━━ RECORDS SHOWN ━━

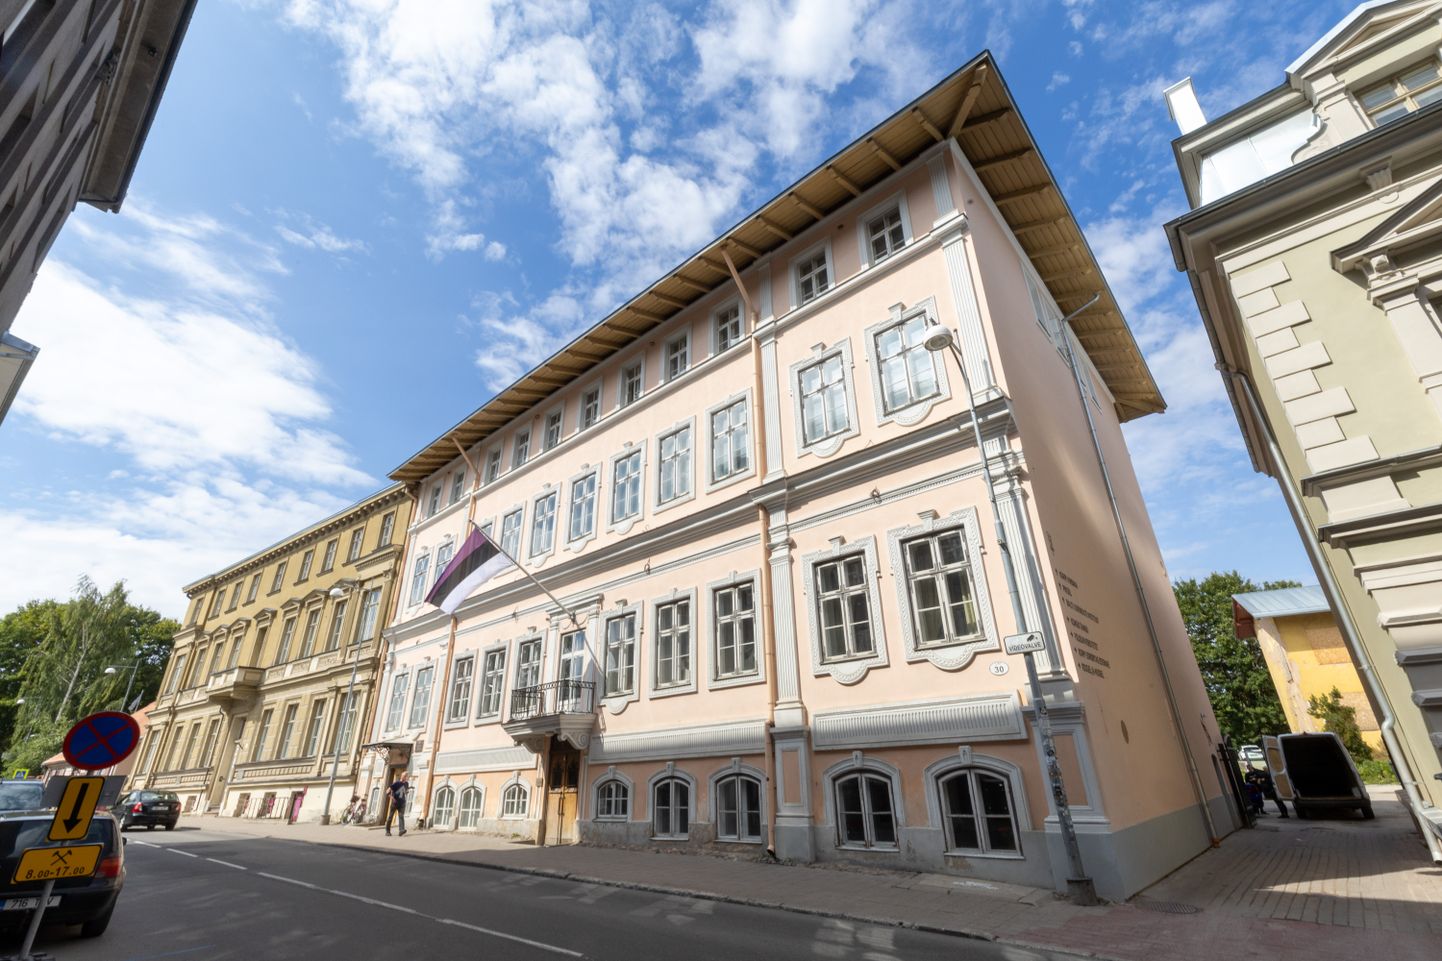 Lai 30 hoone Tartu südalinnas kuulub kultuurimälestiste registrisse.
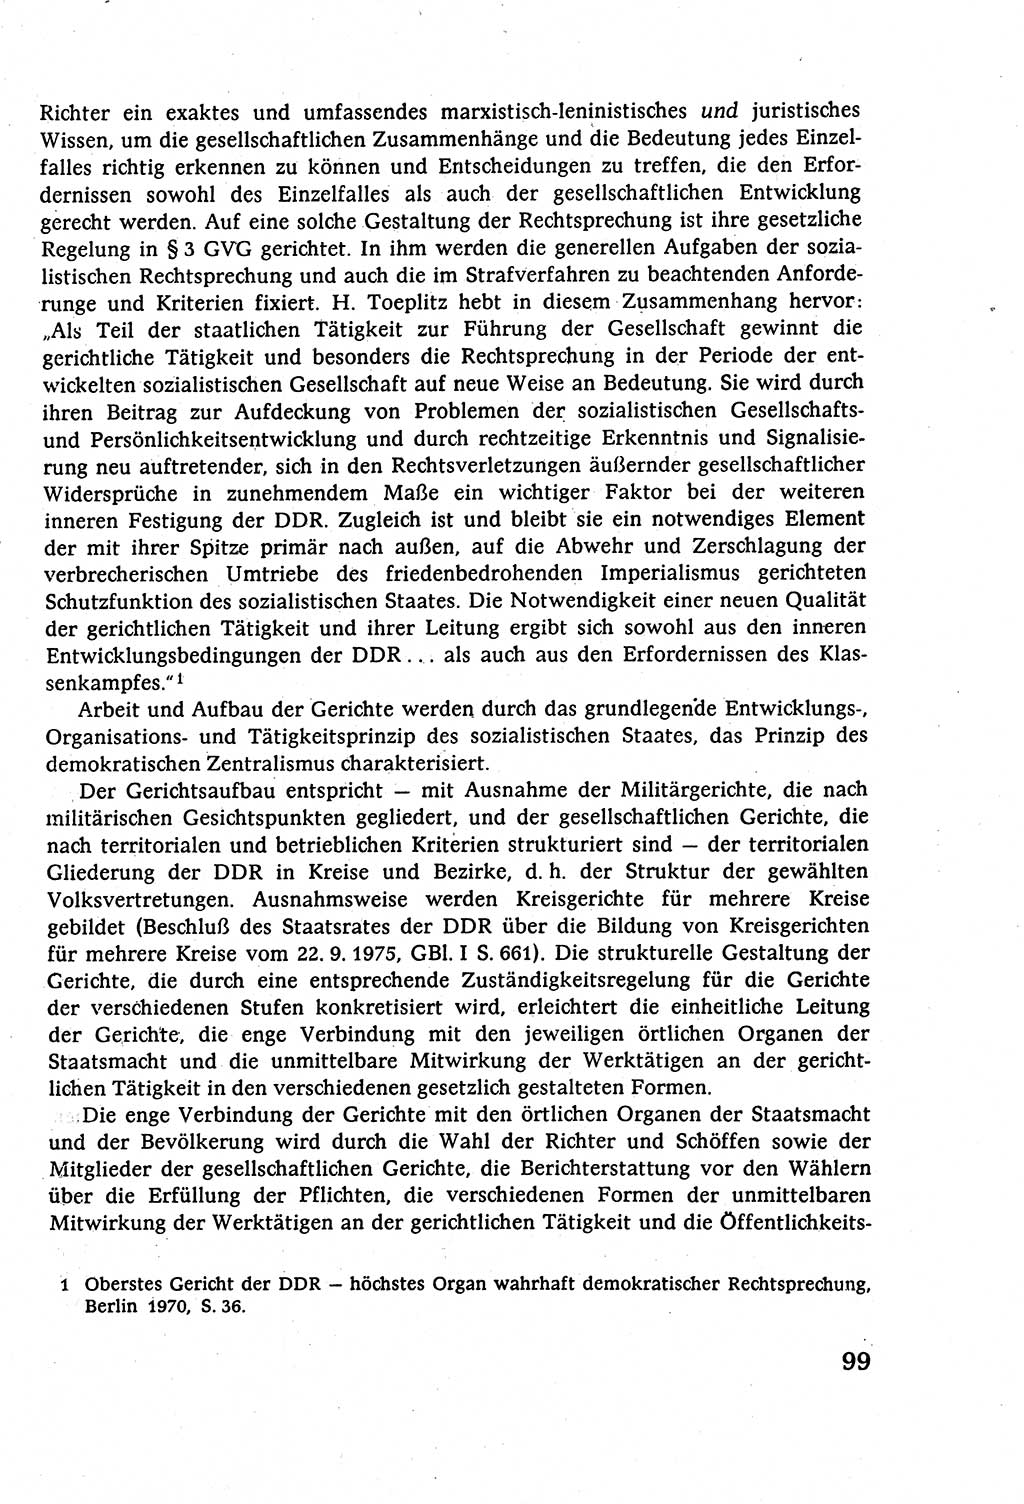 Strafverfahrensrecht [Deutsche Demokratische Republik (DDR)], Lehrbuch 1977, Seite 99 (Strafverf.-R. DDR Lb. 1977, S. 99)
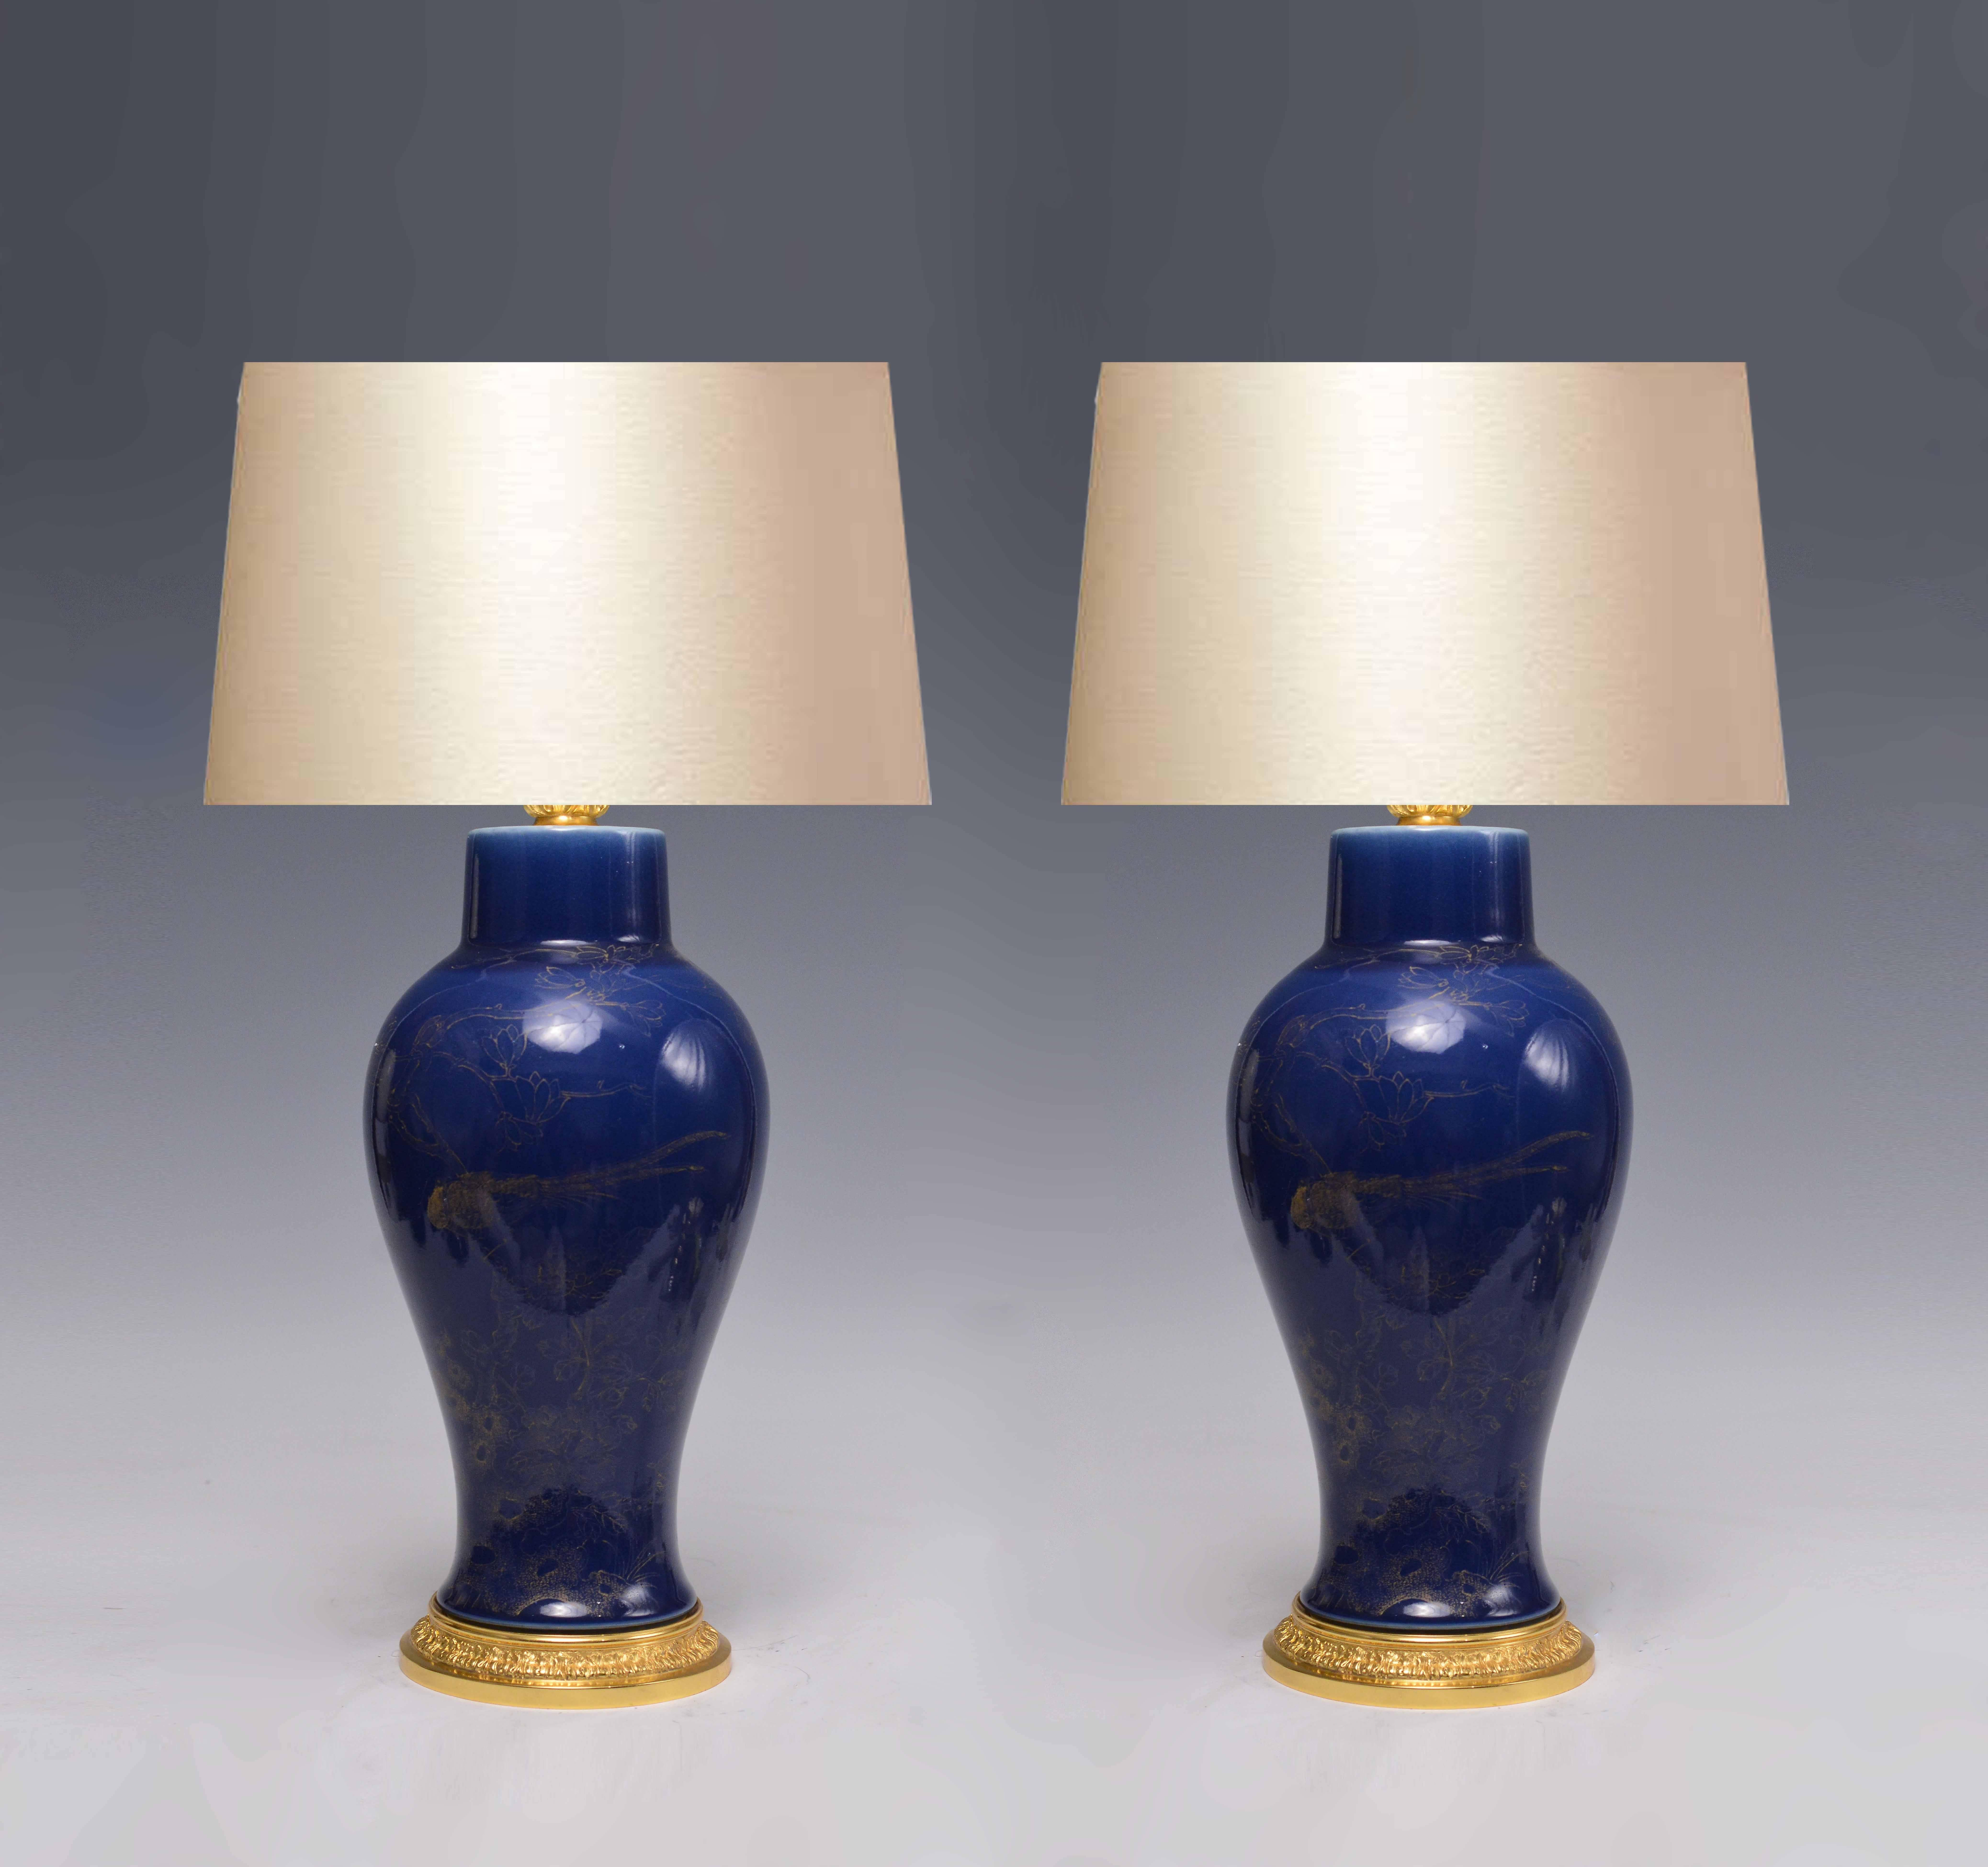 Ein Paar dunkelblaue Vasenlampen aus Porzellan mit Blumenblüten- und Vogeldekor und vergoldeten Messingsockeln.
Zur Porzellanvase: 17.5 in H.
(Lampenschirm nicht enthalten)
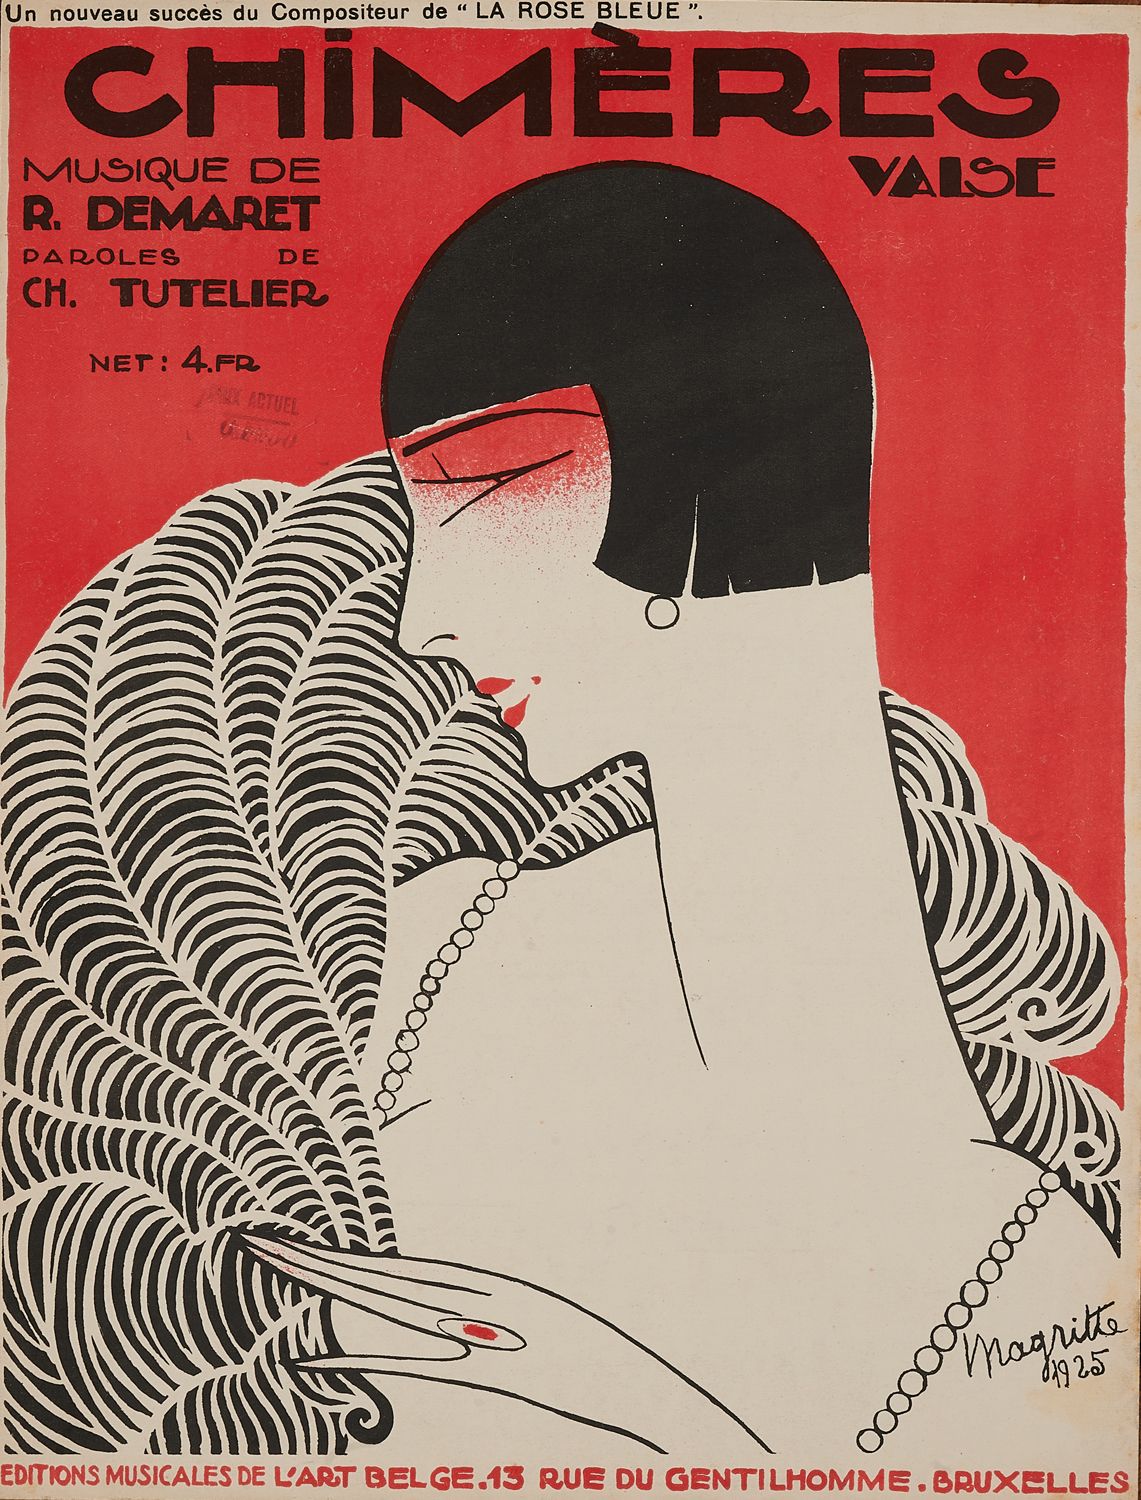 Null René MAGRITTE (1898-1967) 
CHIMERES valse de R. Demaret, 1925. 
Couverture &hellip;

━━━

> _TASK STATEMENT_
Please keep every line of the data the same when you reproduce it, and keep every picture out.

> _EXPECTED ANSWER_
 Lai 30 hoone Tartu südalinnas kuulub kultuurimälestiste registrisse.
 Strafverfahrensrecht [Deutsche Demokratische Republik (DDR)], Lehrbuch 1977, Seite 99 (Strafverf.-R. DDR Lb. 1977, S. 99)
 Ein Paar dunkelblaue Vasenlampen aus Porzellan mit Blumenblüten- und Vogeldekor und vergoldeten Messingsockeln.
Zur Porzellanvase: 17.5 in H.
(Lampenschirm nicht enthalten)
 Null René MAGRITTE (1898-1967) 
CHIMERES valse de R. Demaret, 1925. 
Couverture &hellip;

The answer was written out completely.